Target-guided open-domain conversation aims to proactively and naturally guide a dialogue agent or human to achieve specific goals, topics or keywords during open-ended conversations. Existing methods mainly rely on single-turn datadriven learning and simple target-guided strategy without considering semantic or factual knowledge relations among candidate topics/keywords. This results in poor transition smoothness and low success rate. In this work, we adopt a structured approach that controls the intended content of system responses by introducing coarse-grained keywords, attains smooth conversation transition through turn-level supervised learning and knowledge relations between candidate keywords, and drives an conversation towards an specified target with discourse-level guiding strategy. Specially, we propose a novel dynamic knowledge routing network (DKRN) which considers semantic knowledge relations among candidate keywords for accurate next topic prediction of next discourse.

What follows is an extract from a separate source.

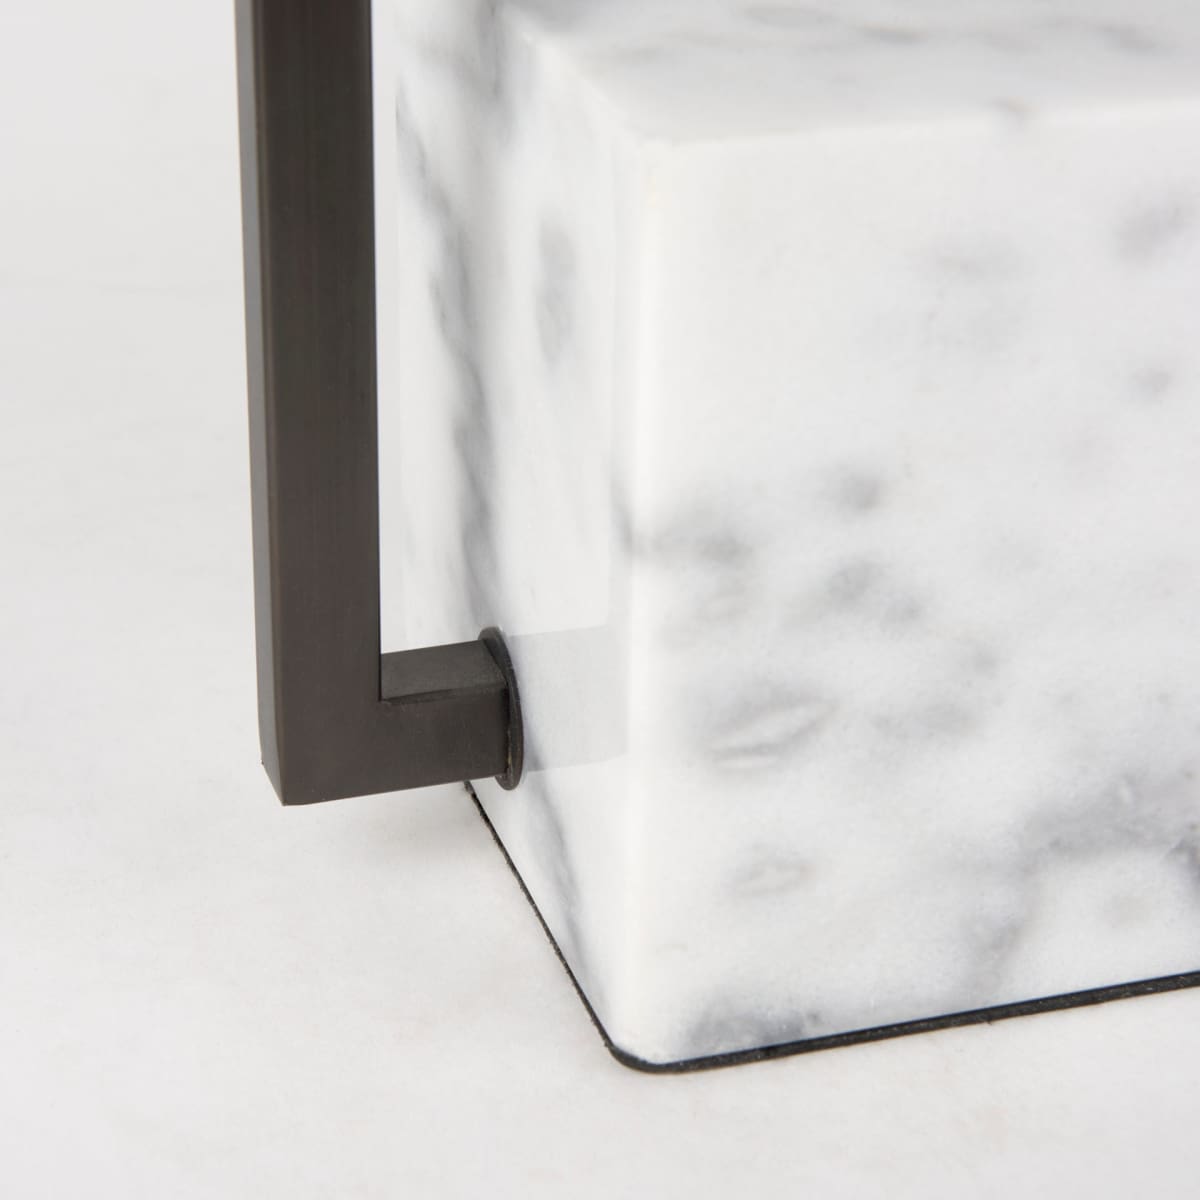 Peyton Lamp Black Metal | White Shade - table-lamps

With the help of more accurate keyword prediction, our keyword-augmented response retrieval module can achieve better retrieval performance and more meaningful conversations. Besides, we also propose a novel dual discourse-level target-guided strategy to guide conversations to reach their goals smoothly with higher success rate. Furthermore, to push the research boundary of target-guided open-domain conversation to match real-world scenarios better, we introduce a new large-scale Chinese target-guided open-domain conversation dataset (more than 900K conversations) crawled from Sina Weibo. Quantitative and human evaluations show our method can produce meaningful and effective target-guided conversations, significantly improving over other state-of-the-art methods by more than 20% in success rate and more than 0.6 in average smoothness score.